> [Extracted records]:
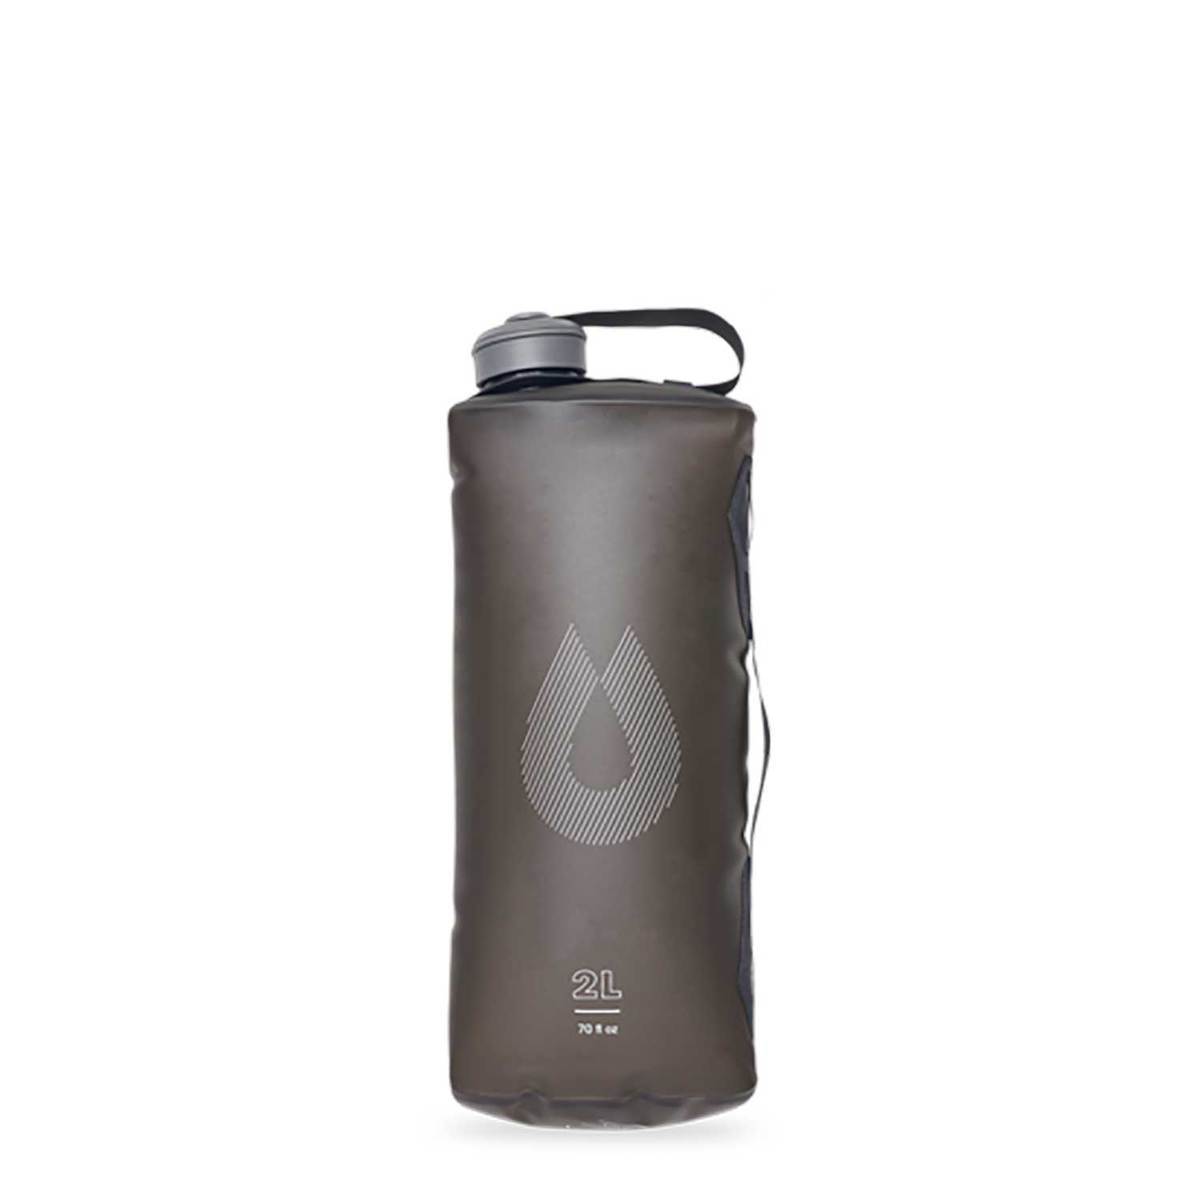 https://www.sportsmans.com/medias/hydrapak-seeker-2-liter-water-bag-mammoth-1671407-1.jpg?context=bWFzdGVyfGltYWdlc3wyODU3MHxpbWFnZS9qcGVnfGltYWdlcy9oOTMvaGM1Lzk3ODM3NTI5NDk3OTAuanBnfDVmY2MxYWIzZTExMzRlOWJmOGU1MGIzYTQ2ZjJmZDNkNDU4NGJiM2M4ZGM2NzBkZjVlNTFiNzY2MDhkM2RmNzM
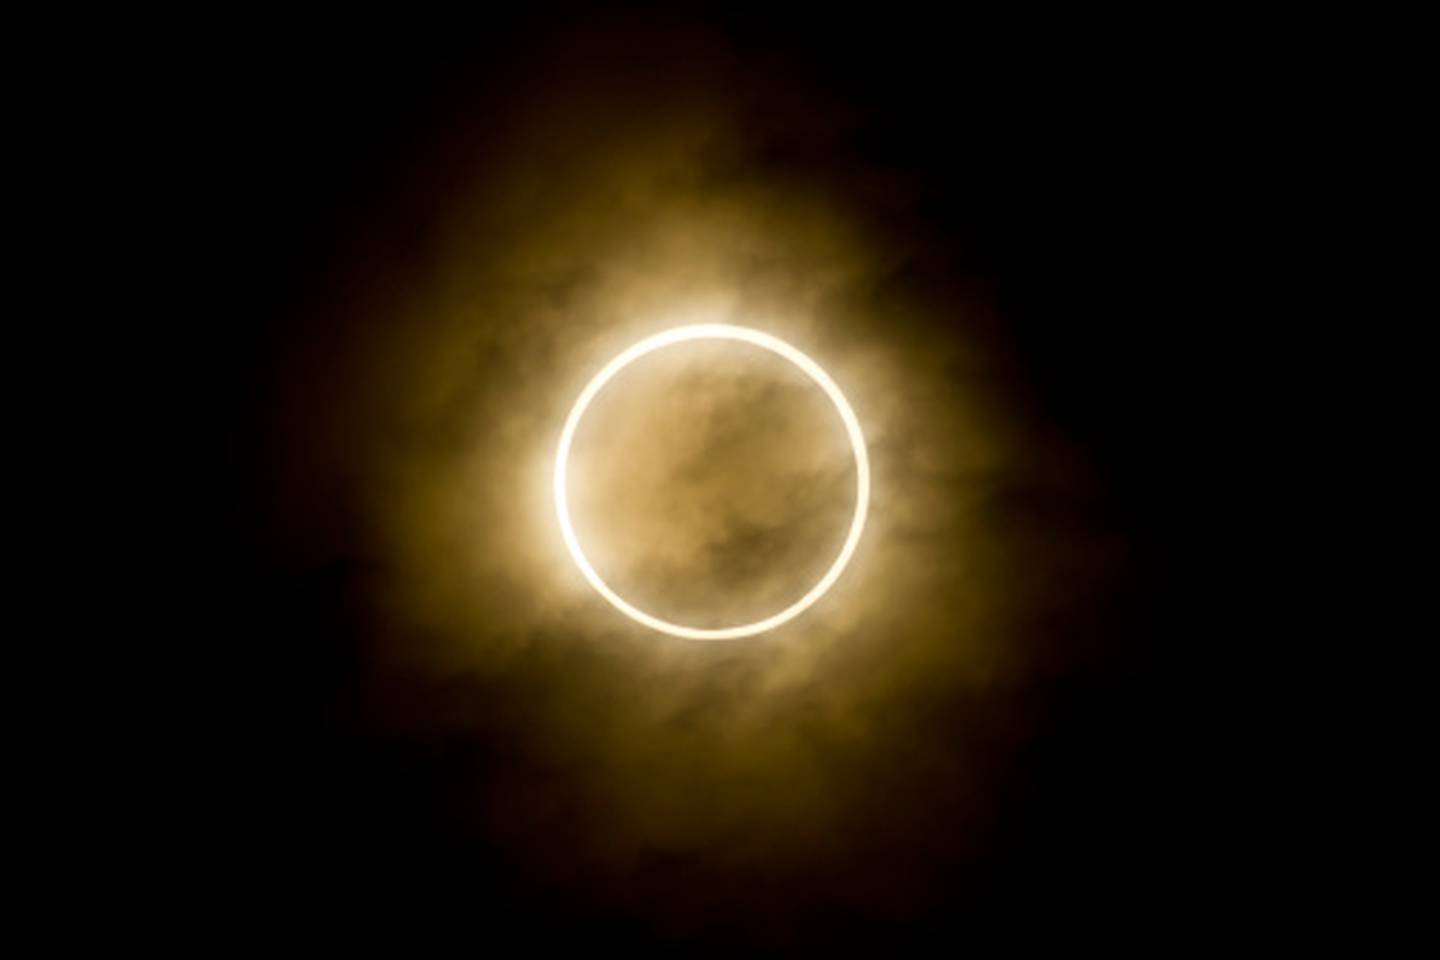 Eclipse solar en Ecuador, así lo puedes observar desde la comodidad de
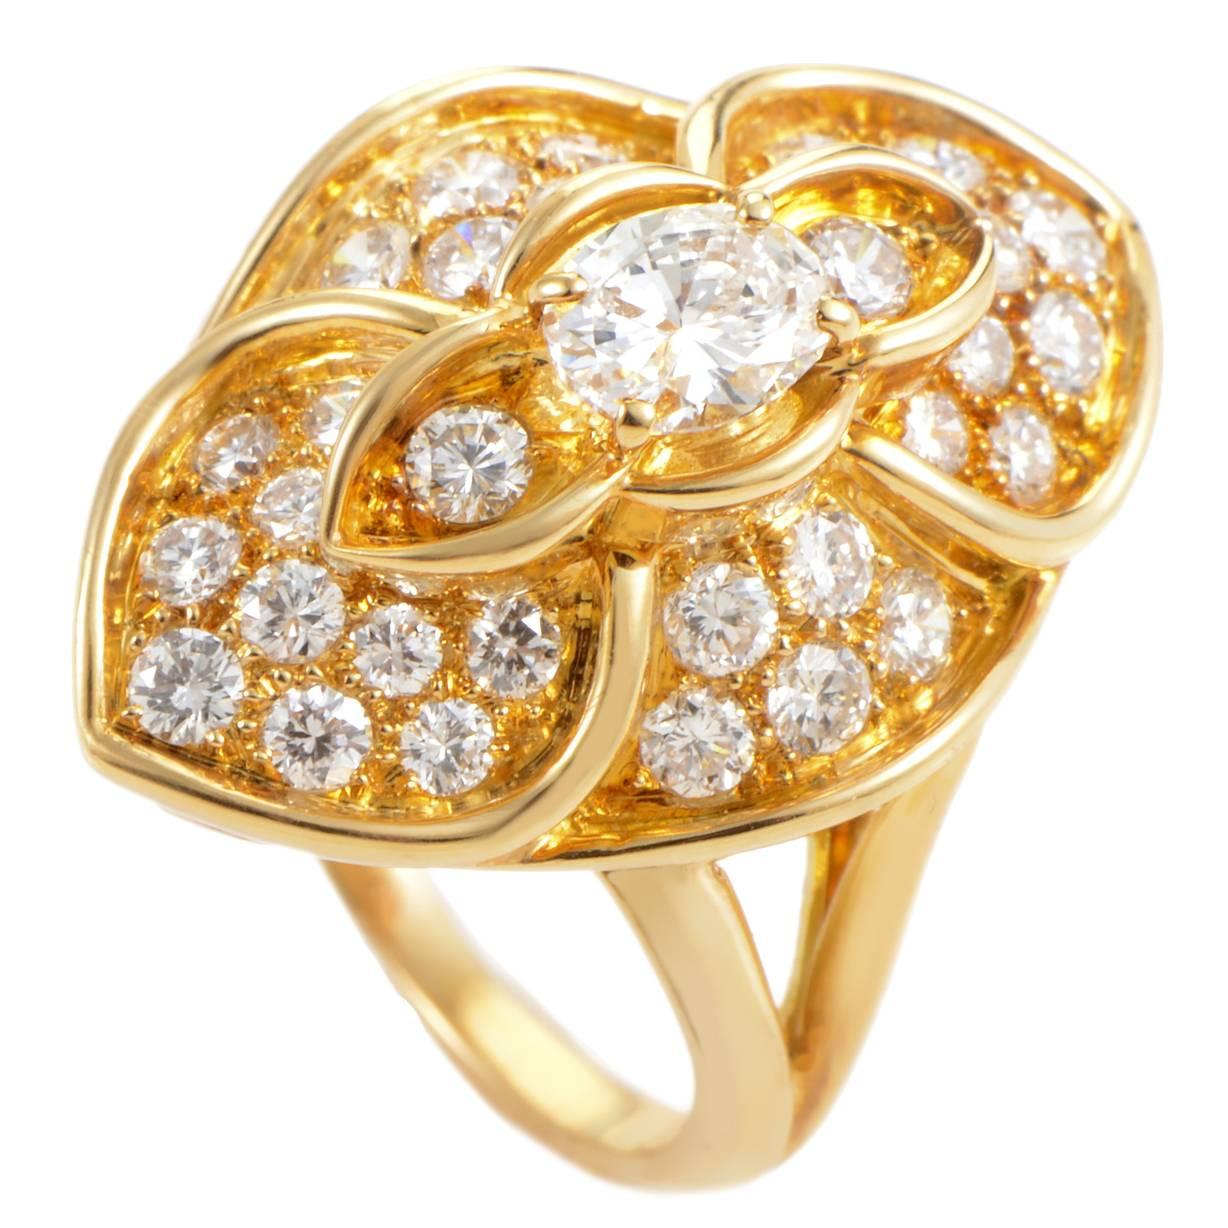 Piaget Diamond Gold Ring
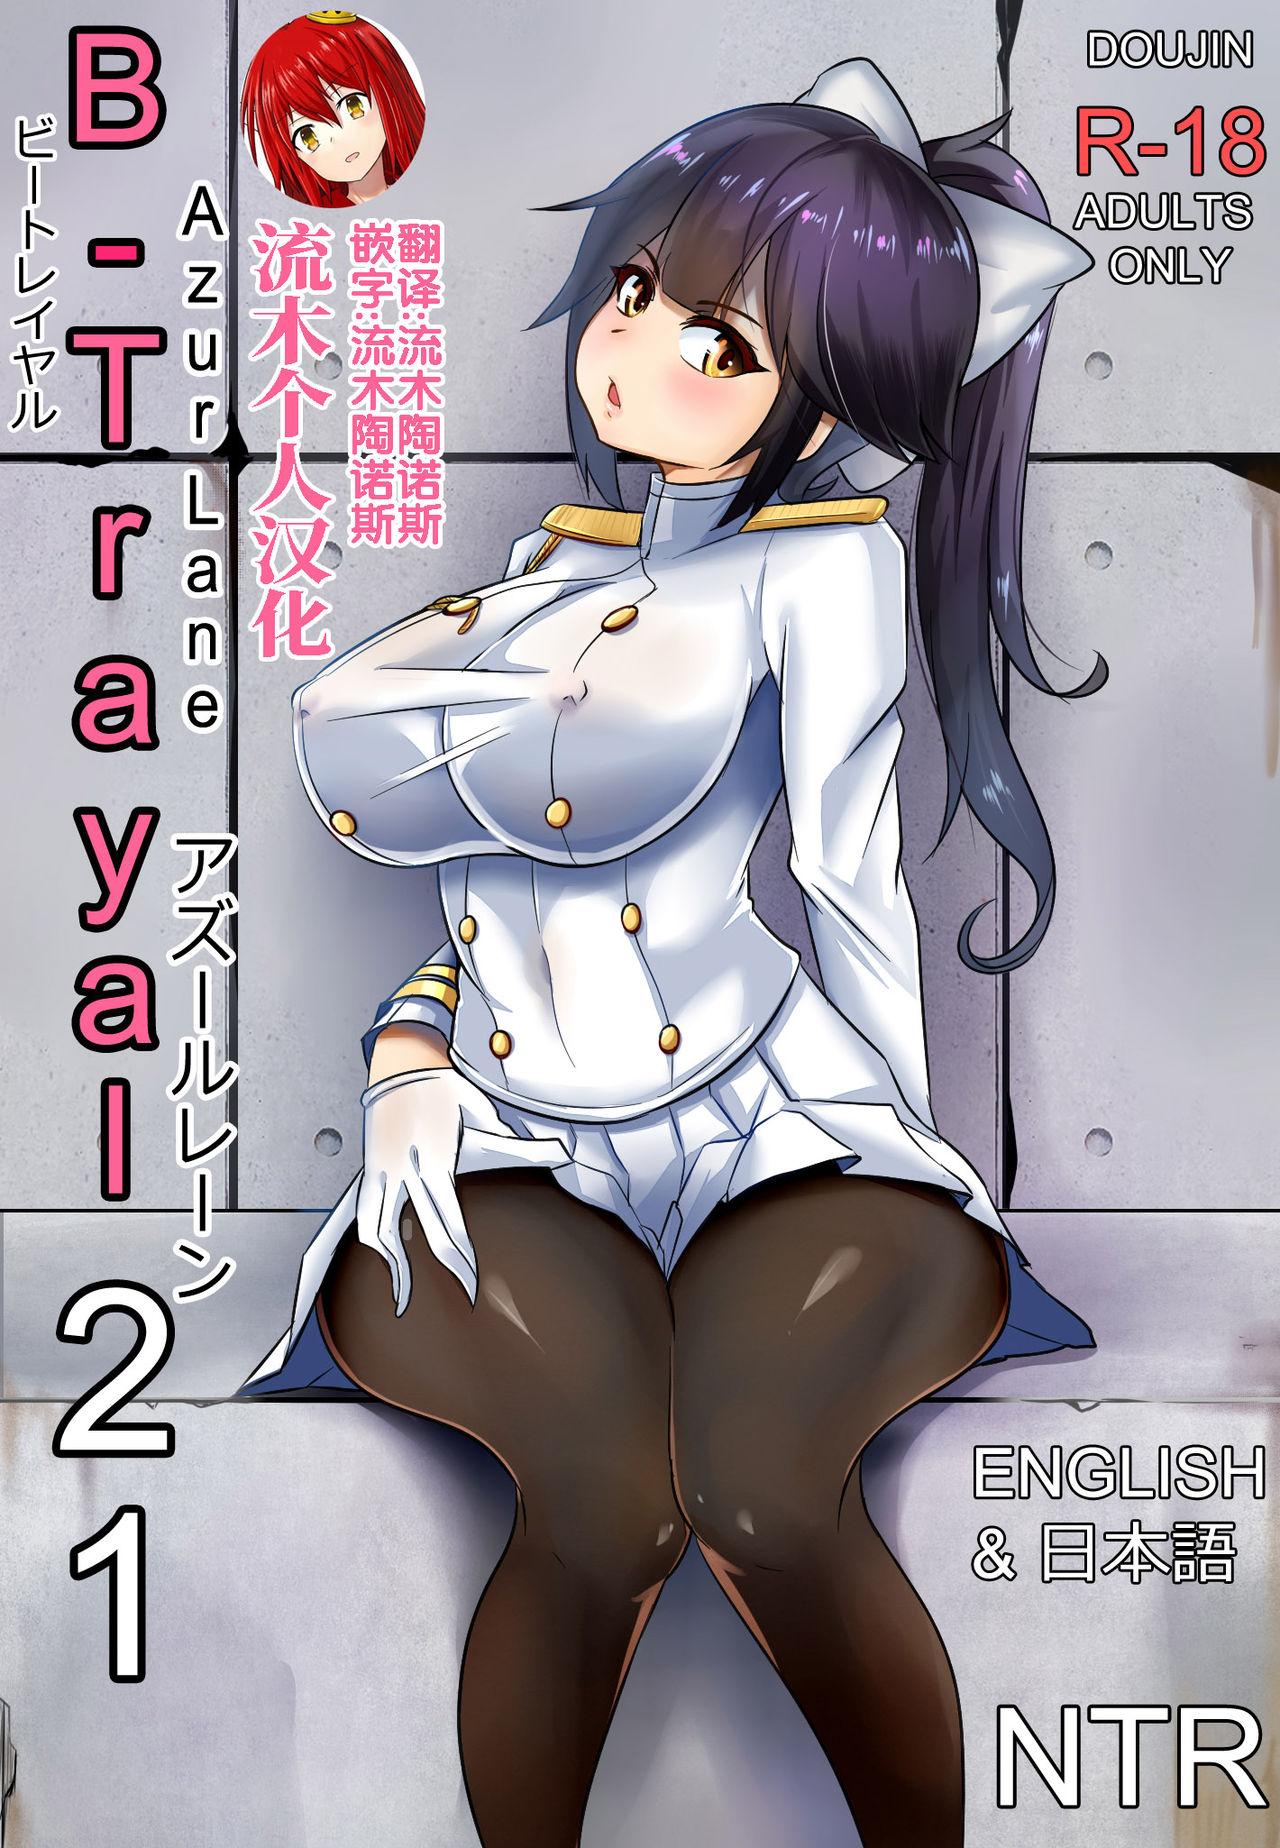 Ginger B-Trayal 21 高雄 - Azur lane Anal Licking - Picture 1
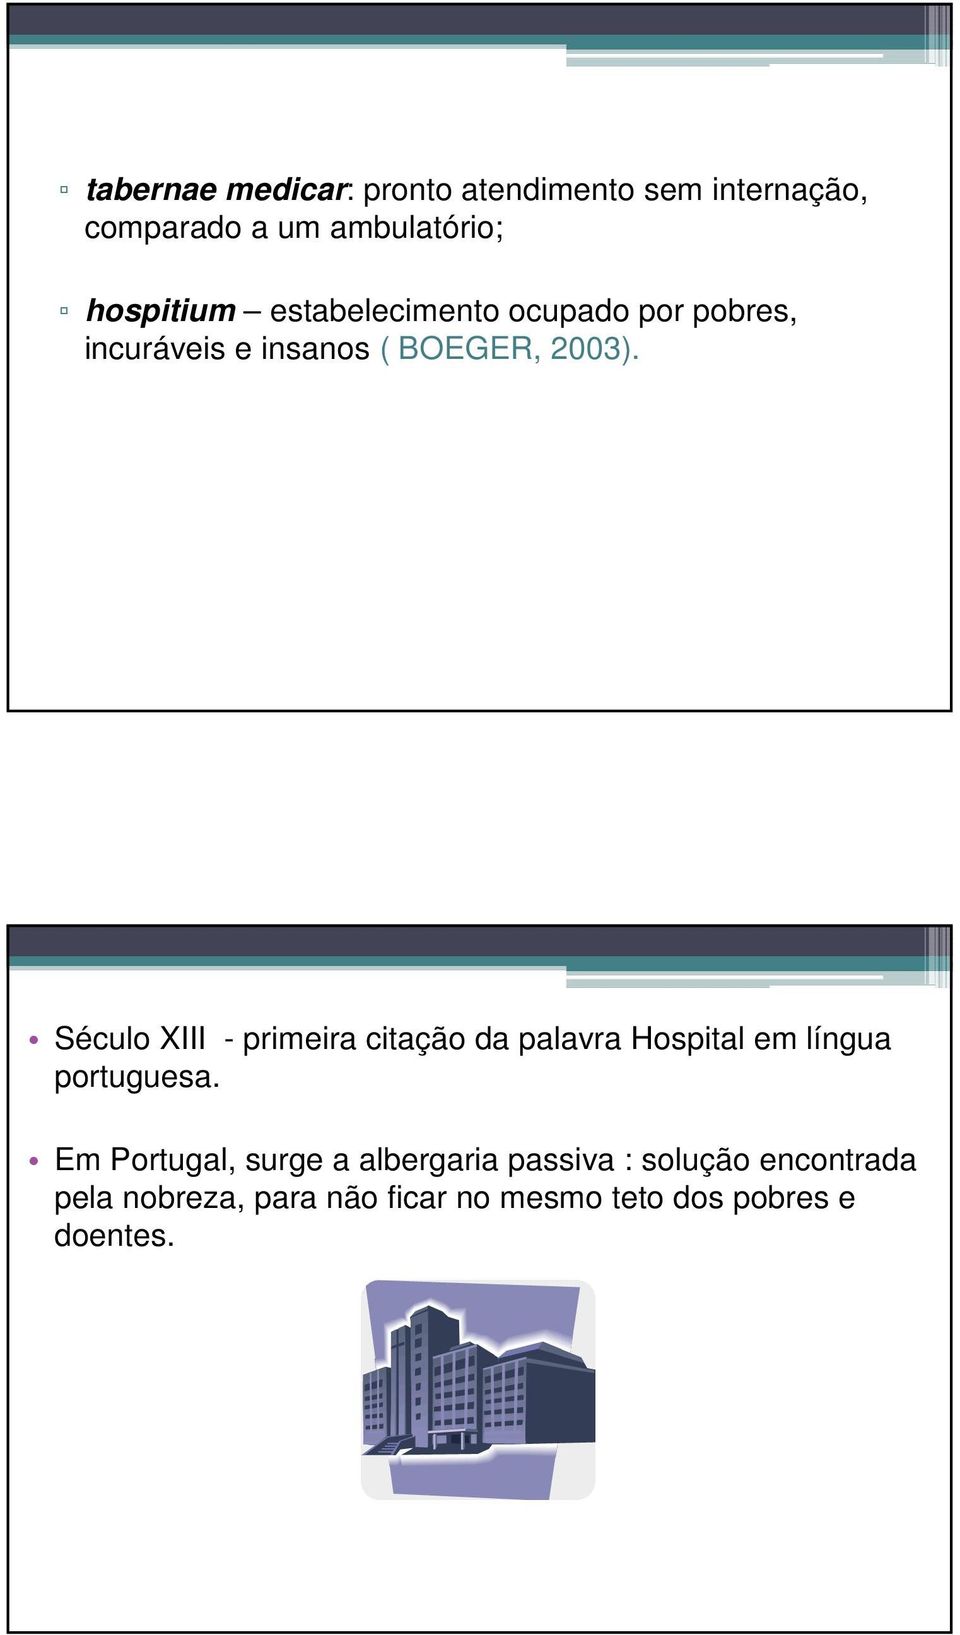 Século XIII - primeira citação da palavra Hospital em língua portuguesa.

> [Work to be completed]: Starting from the first line of the entries above, print each line exactly until the line containing "Ginger B-Trayal 21" has been printed, and skip the pictures.

> [Output for this exercise]:
 https://www.sportsmans.com/medias/hydrapak-seeker-2-liter-water-bag-mammoth-1671407-1.jpg?context=bWFzdGVyfGltYWdlc3wyODU3MHxpbWFnZS9qcGVnfGltYWdlcy9oOTMvaGM1Lzk3ODM3NTI5NDk3OTAuanBnfDVmY2MxYWIzZTExMzRlOWJmOGU1MGIzYTQ2ZjJmZDNkNDU4NGJiM2M4ZGM2NzBkZjVlNTFiNzY2MDhkM2RmNzM
 Eclipse solar en Ecuador, así lo puedes observar desde la comodidad de
 Piaget Diamond Gold Ring
 Ginger B-Trayal 21 高雄 - Azur lane Anal Licking - Picture 1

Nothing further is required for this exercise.